Oliver Stone, while having created some of the best films of the past two decades, has never exactly been a sure bet. I love the guy's audacity and a large portion of his filmography (Alexander famously being one of my most adored pieces) but every so often there's a cheesy misstep. Born on the Fourth of July tread the cheese ground rather often, for example. This one, however, is more than a misstep - it's cemented in cheese so deep that even a mutant mouse with razor sharp fangs and a penchant for swiss would have trouble getting to it. It's unfortunate, considering this was the one 9/11 flick I was counting on. In fact, I was a die-hard advocate for it. I thought that Stone, the guy behind historical twist tales like conspiracy-laden JFK, would attack this from a completely new angle and really get into some provocative, artistic territory.
If any storyline centered at ground zero on September 11th, 2001 could play it safe, this is it. Stone's painfully conventional (and at times strangely religious) approach avoids most anything that would put people further on edge than the nature of the subject matter already brings them. Our focal point is beneath the rubble with two Port Authority Police Department officers (Nicolas Cage and Michael Pena) - the two real people who were the final surviving extractions.

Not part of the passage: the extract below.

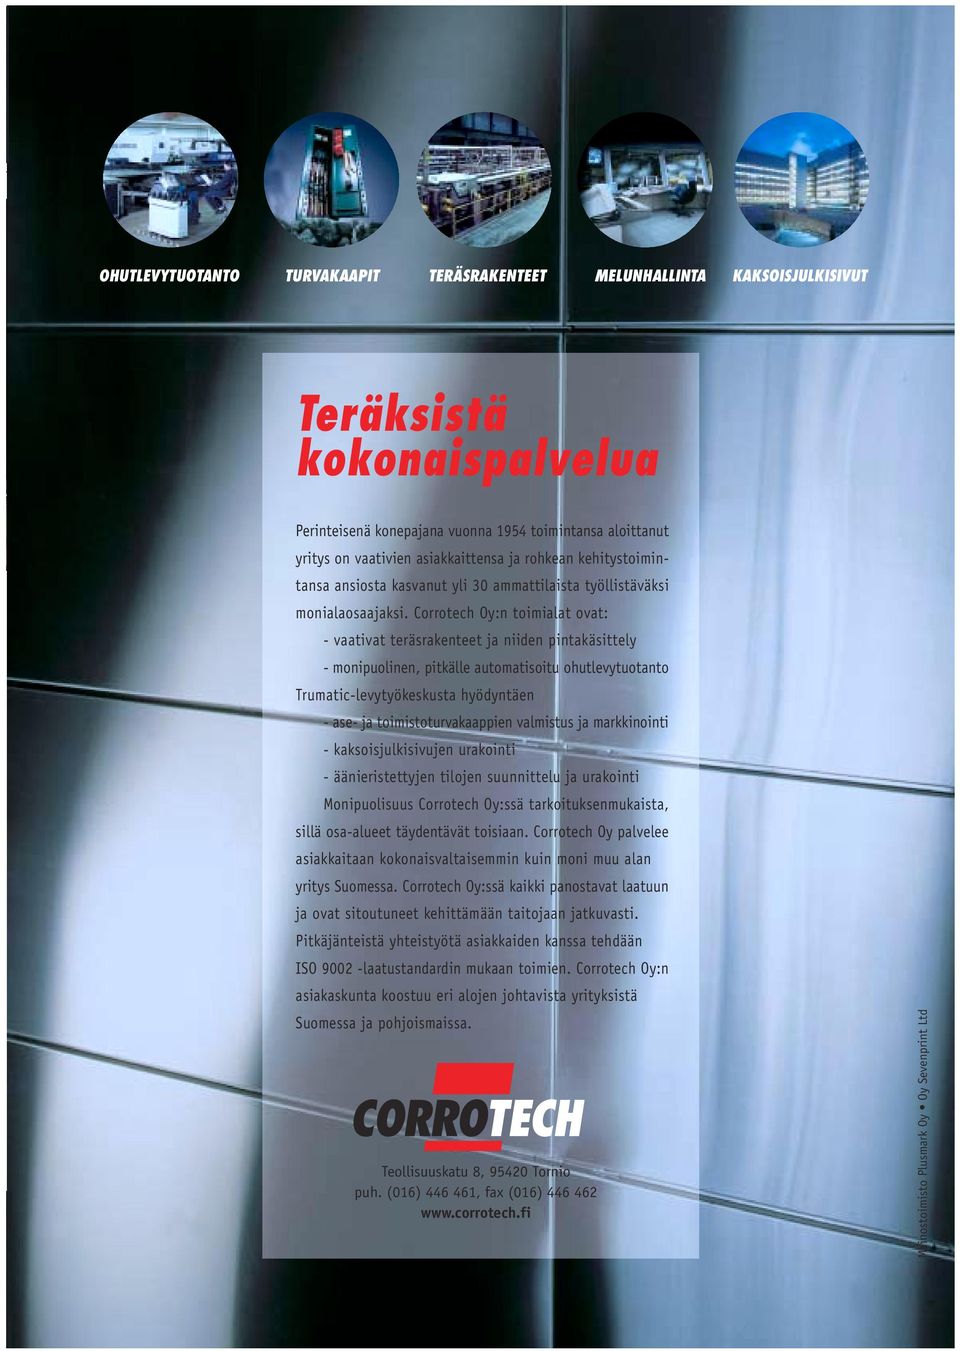 Corrotech Oy:n toimialat ovat: - vaativat teräsrakenteet ja niiden pintakäsittely - monipuolinen, pitkälle automatisoitu ohutlevytuotanto Trumatic-levytyökeskusta hyödyntäen - ase- ja
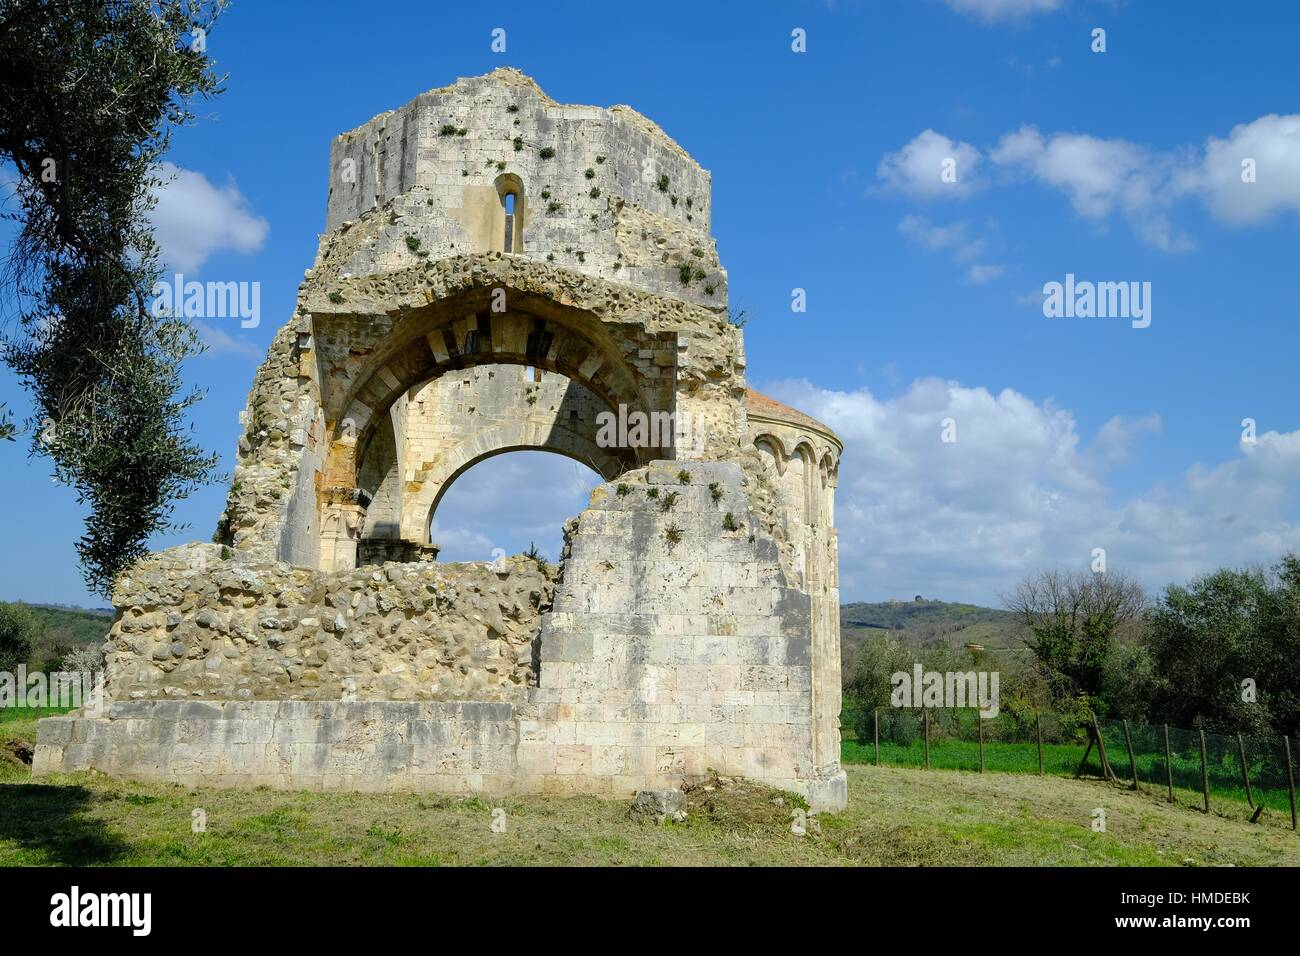 San bruzio monastery immagini e fotografie stock ad alta risoluzione - Alamy

It is an odd thing to hinge a film on - two guys pinned under cement blocks, trying to comfort one another until apparently imminent death. I could easily see it as a powerful short film, but as a big budget, feature length picture it doesn't work so well.
When we're not underground with the two officers we're in brightly lit, mellodramatic scenes about their families. During production I was impressed to see such names as Maggie Gylenhaal and Maria Bello attached to such a potentially controversial project. In viewing these family scenes, however, we're subjected to the worst cliches of the entire piece that stand in my eyes as blotches on both actresses' records.
All in all, this is far from being a worthy or even memorable experience. It refutes my entire argument for seeing it by becoming a banal retread of contrived emotion that belongs on the Hallmark channel.